◆ **TO DO**: Only one span is wanted from the lines below: from the one with "NIKKIE T-shirt Funny wit" up to and including the one with "People watched 12". Copy it exactly, without images.

◆ **PROVIDED ENTRIES**:
+ + + +
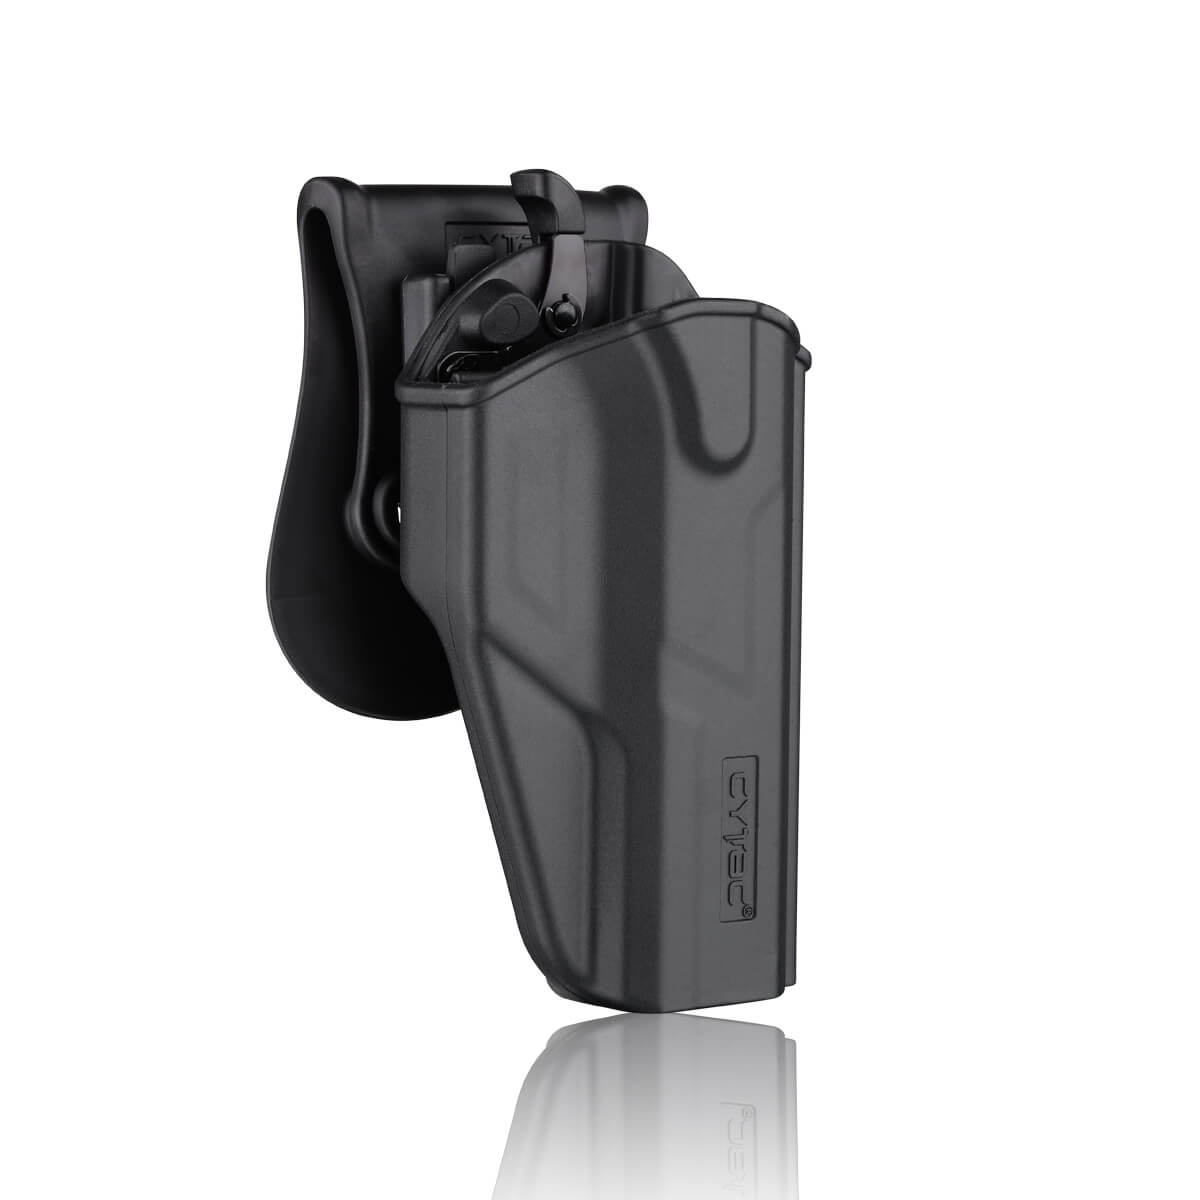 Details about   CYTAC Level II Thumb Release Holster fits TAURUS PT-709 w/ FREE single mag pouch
+ + + +
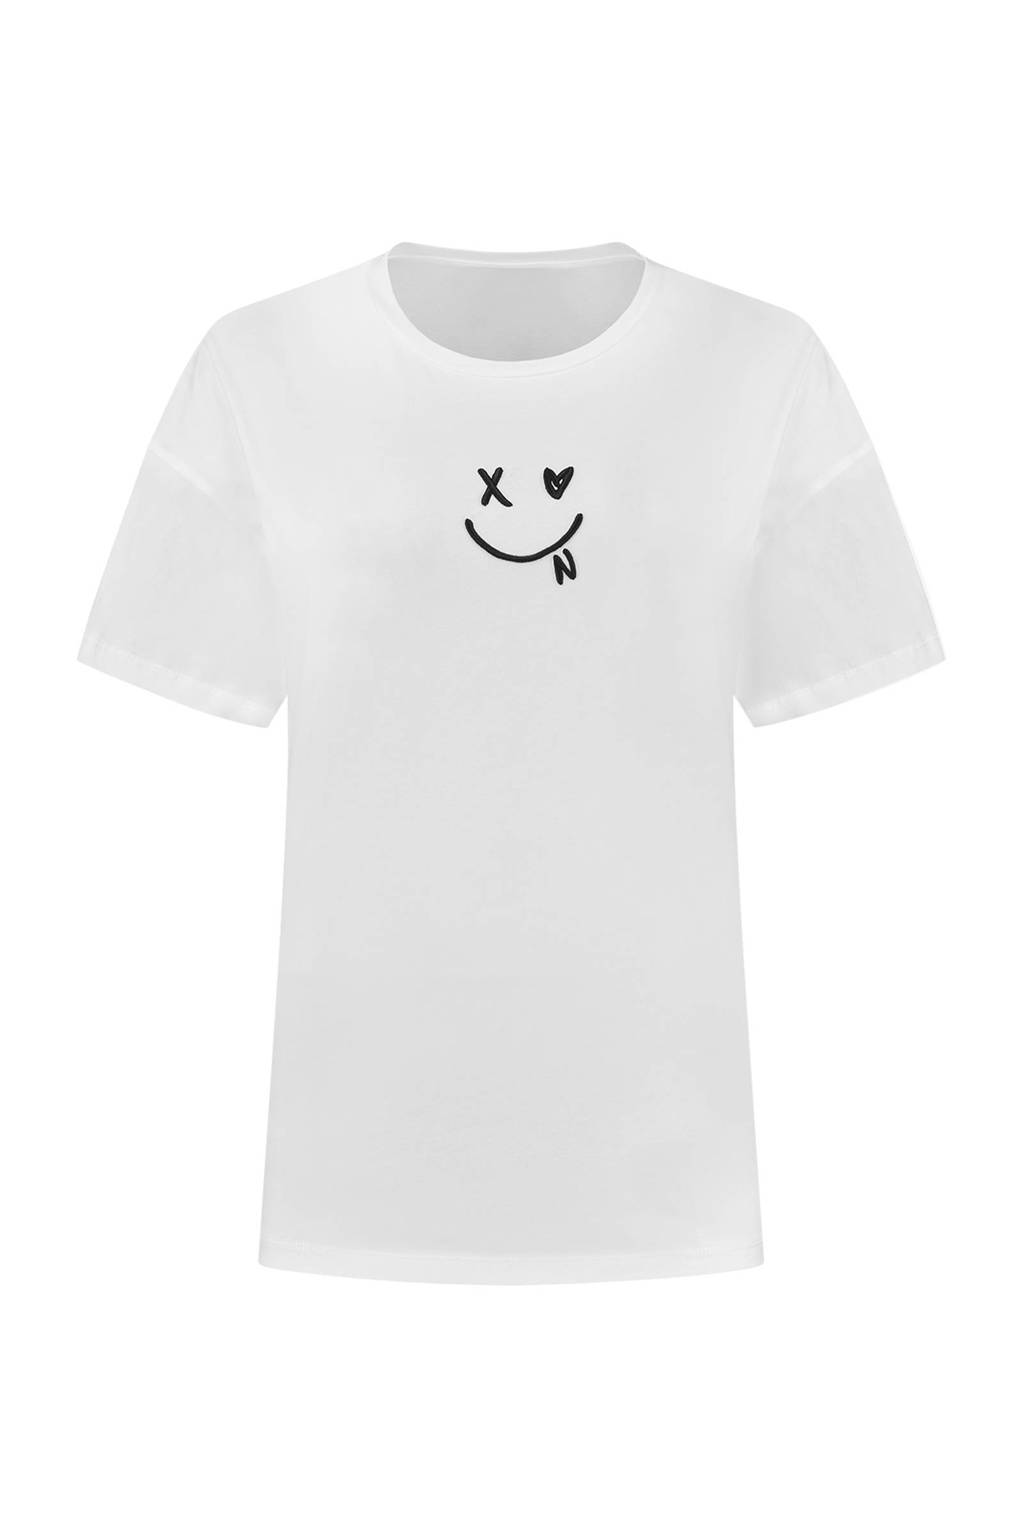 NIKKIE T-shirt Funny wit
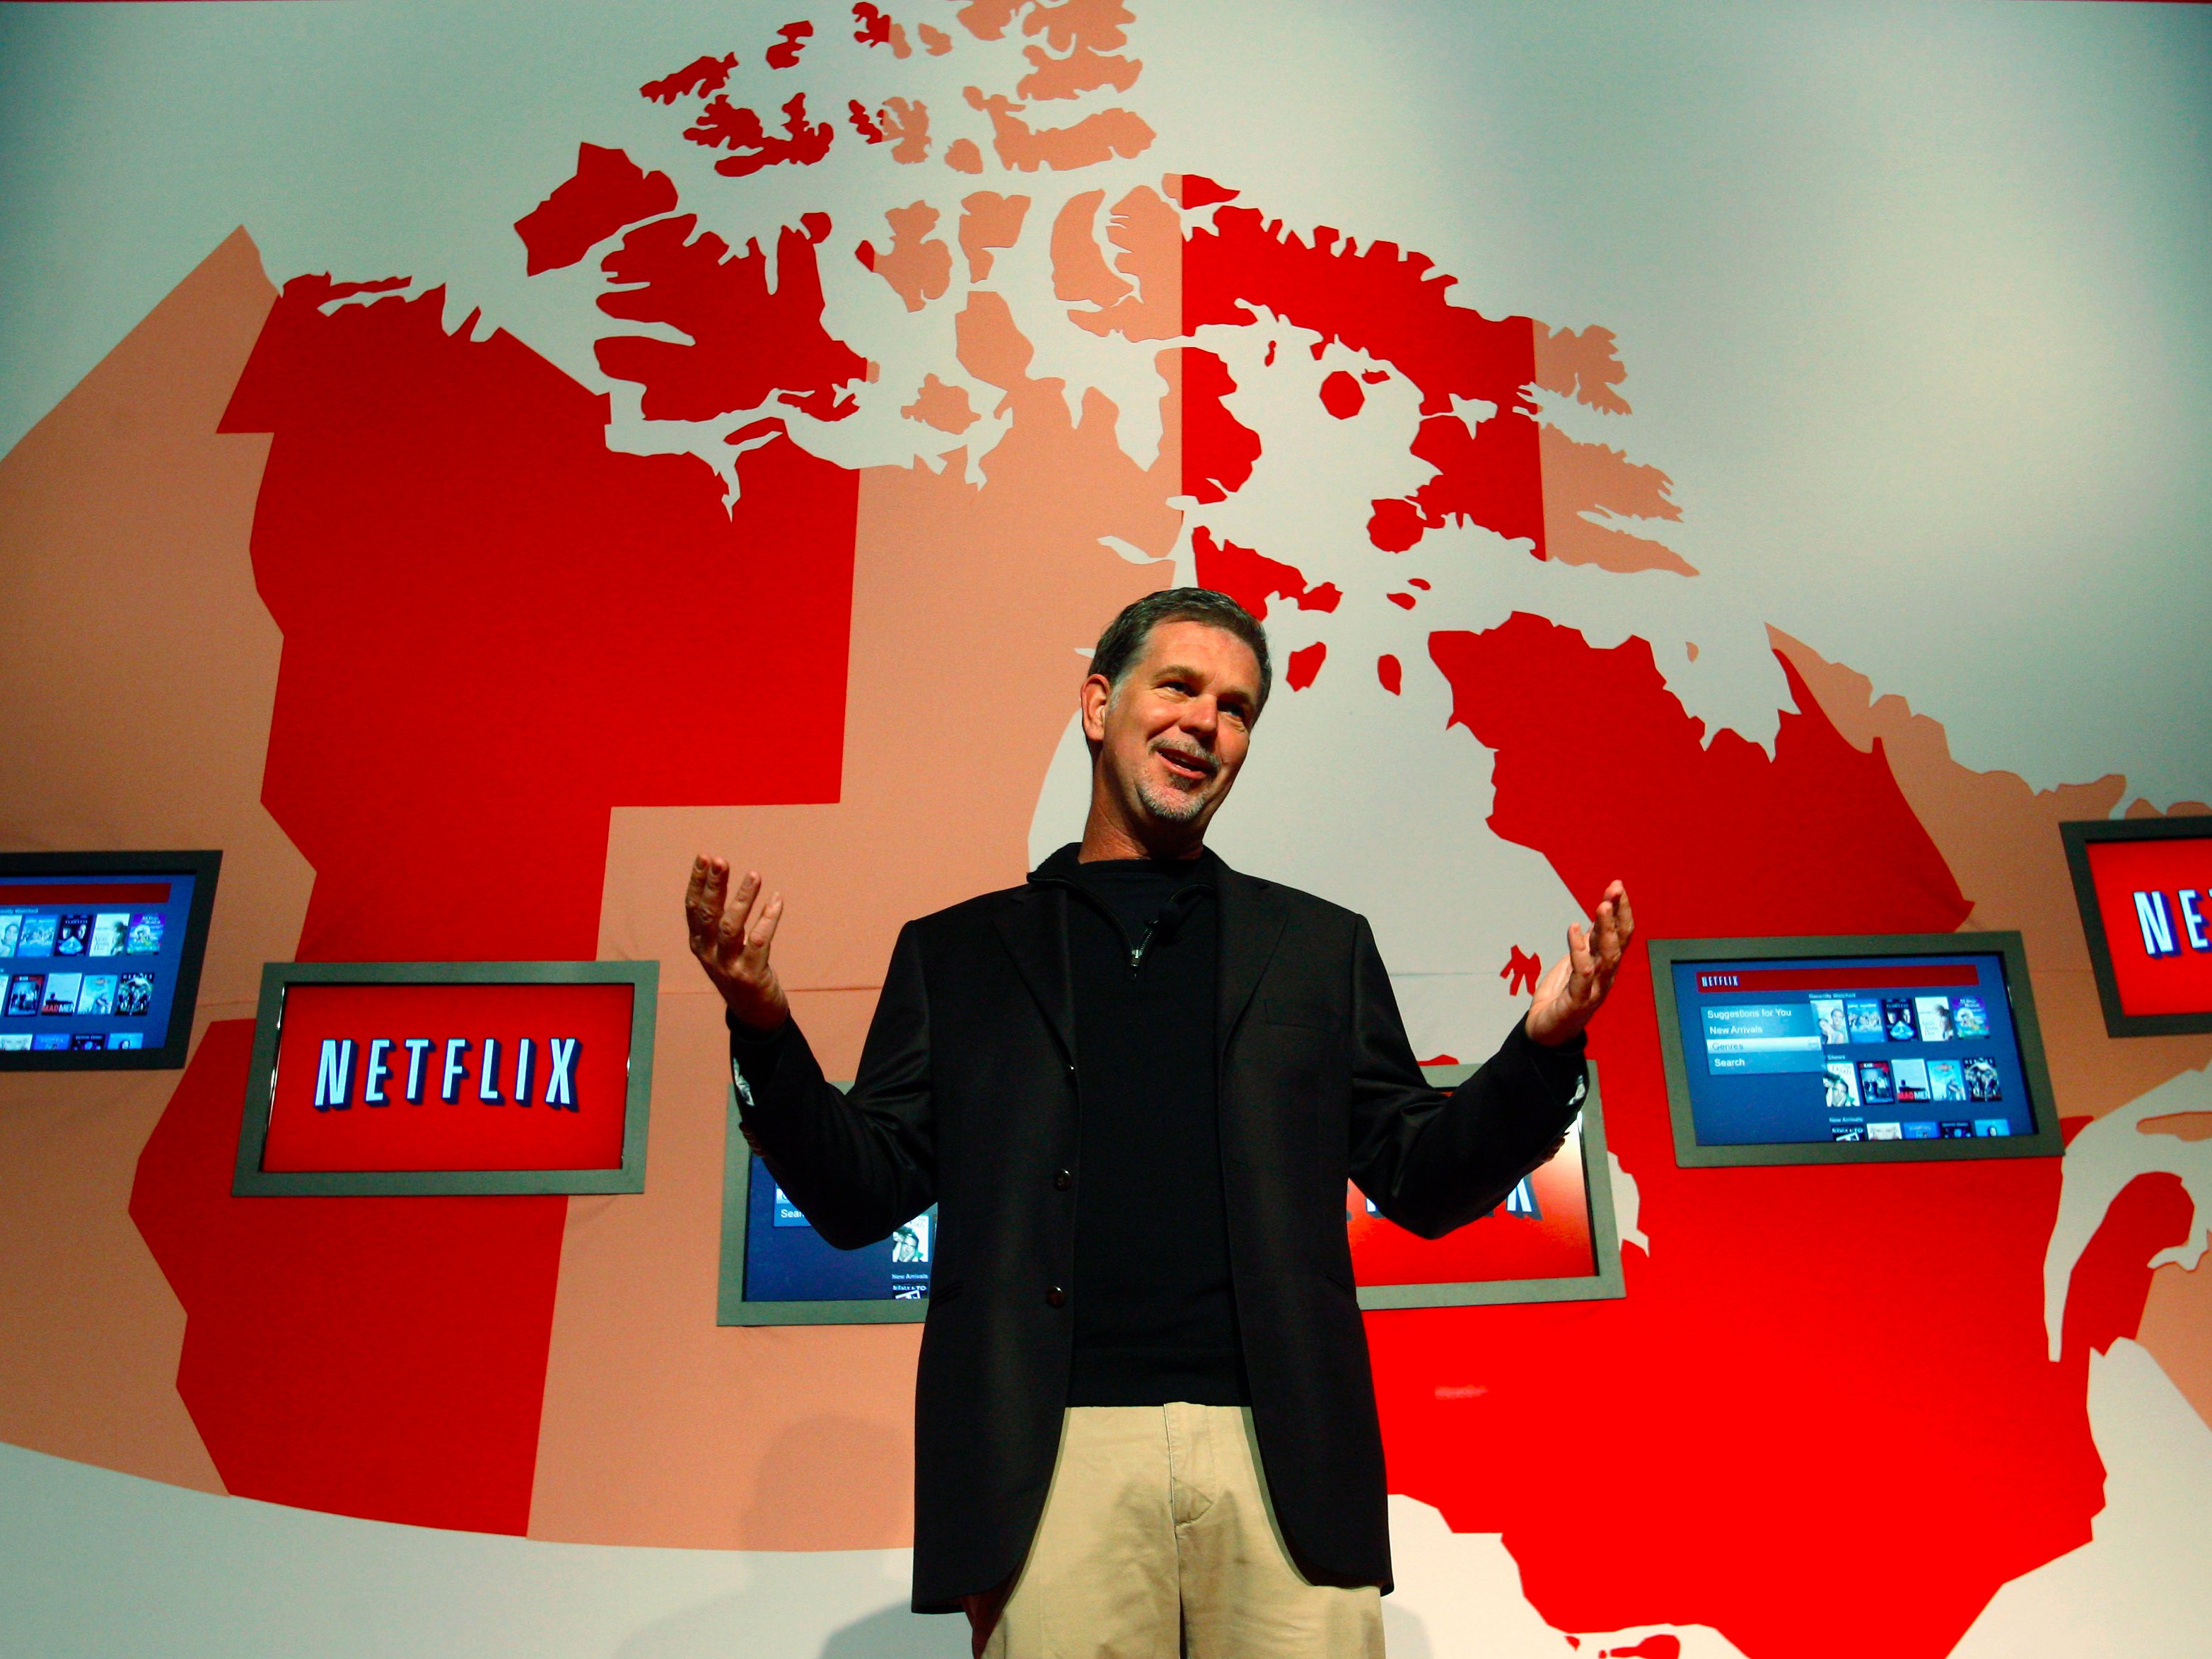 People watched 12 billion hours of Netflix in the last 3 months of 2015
+ + + +
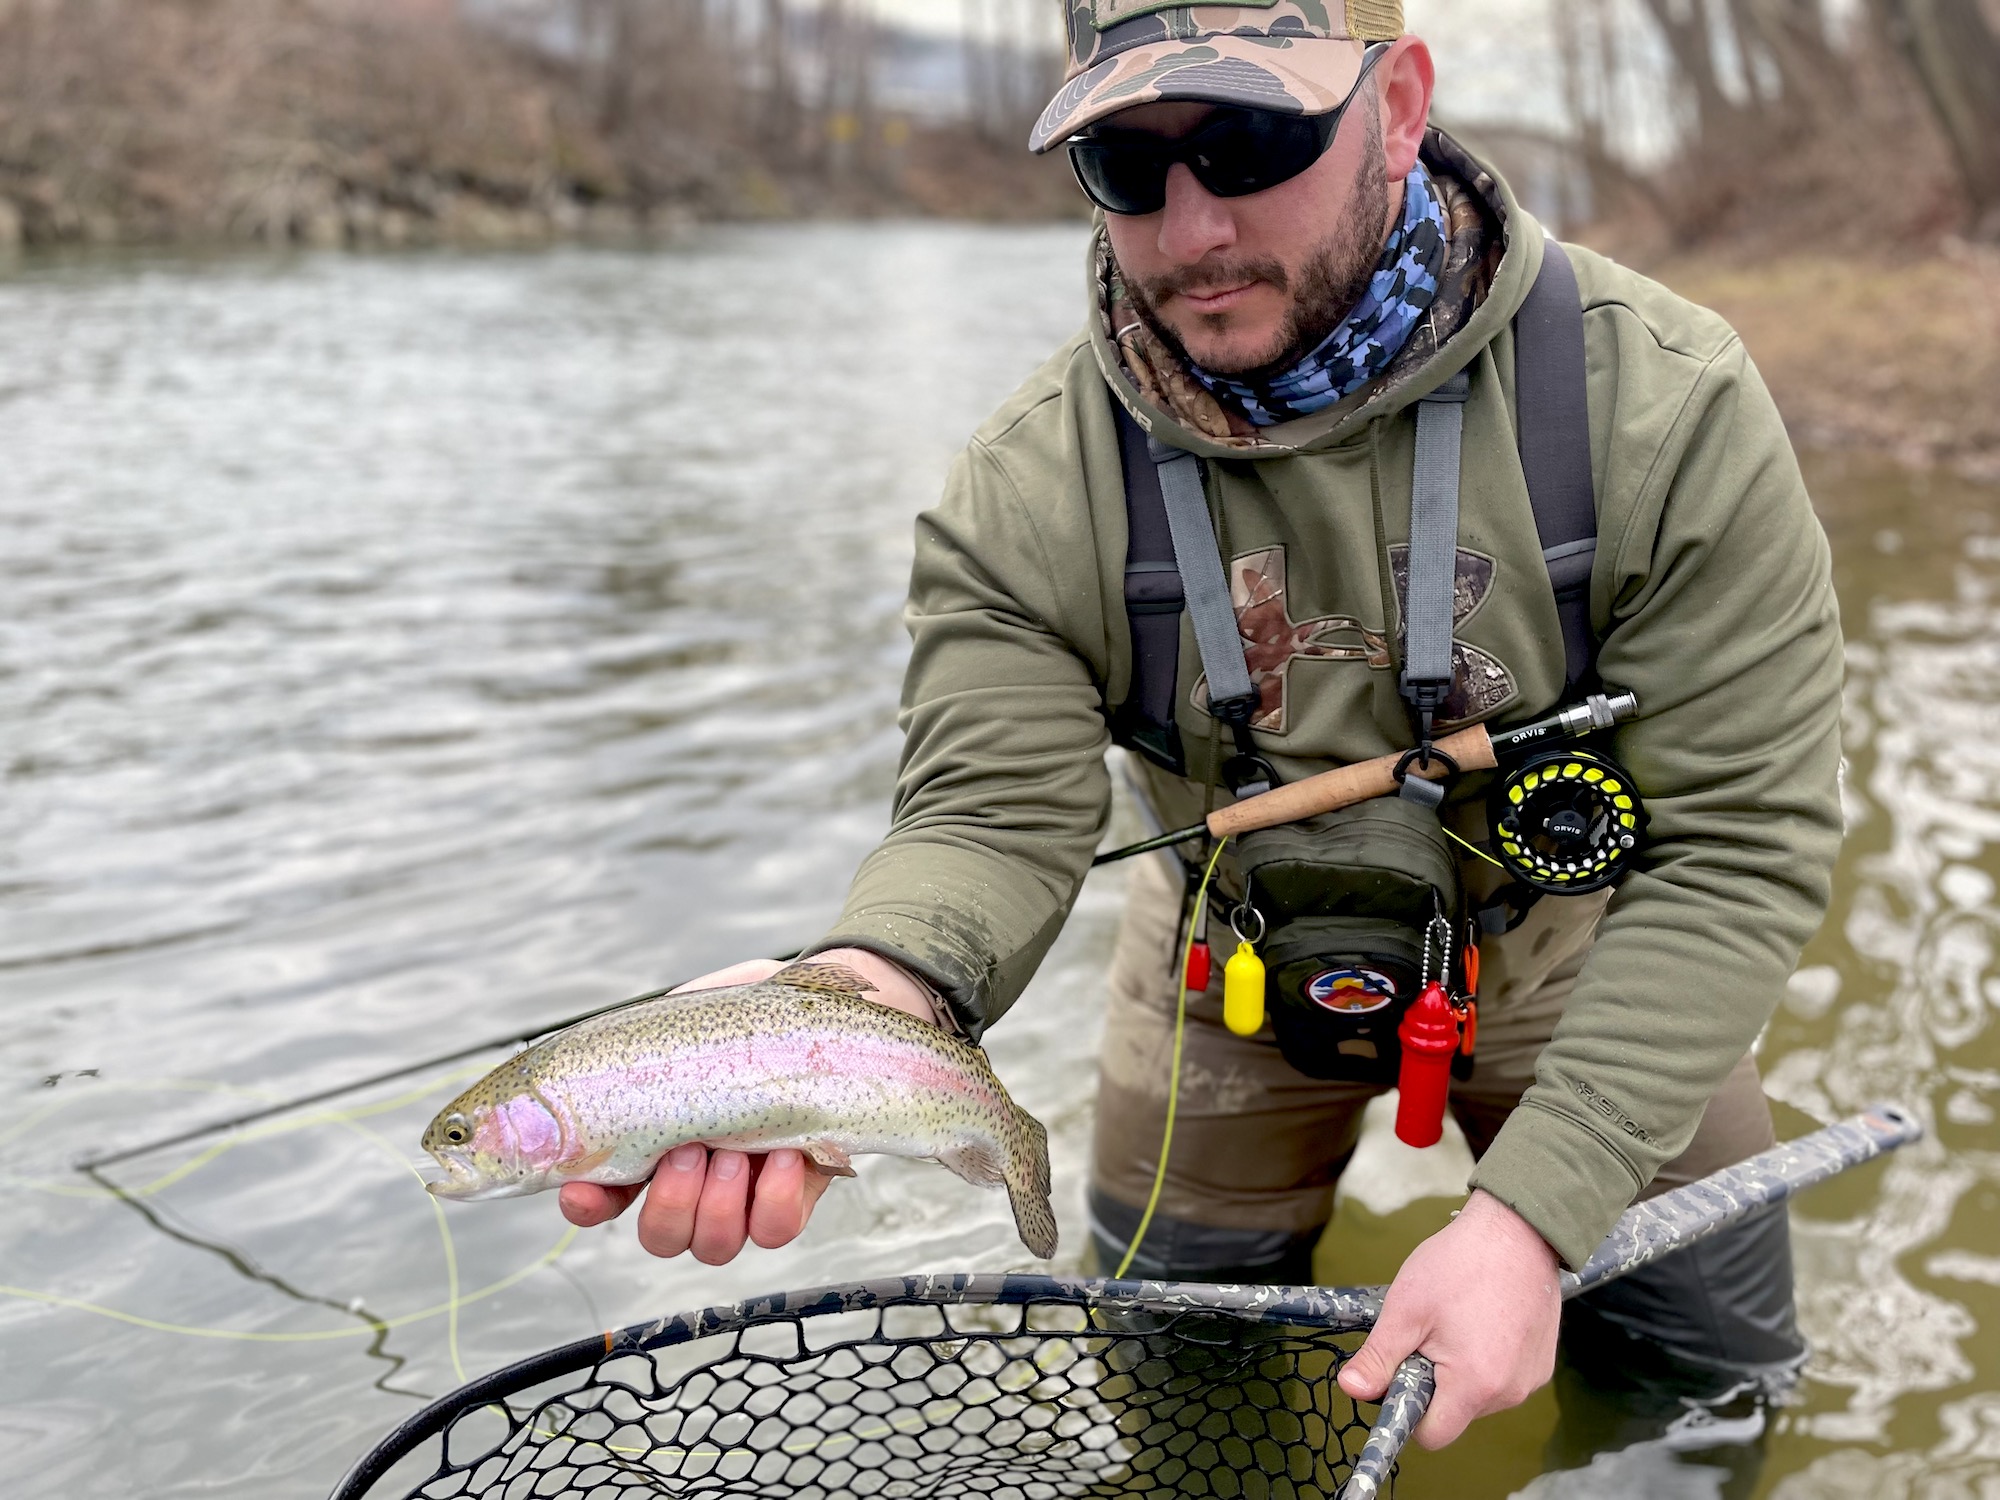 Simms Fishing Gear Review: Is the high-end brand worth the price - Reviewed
+ + + +
◆ **RESPONSE**:
 NIKKIE T-shirt Funny wit
 People watched 12 billion hours of Netflix in the last 3 months of 2015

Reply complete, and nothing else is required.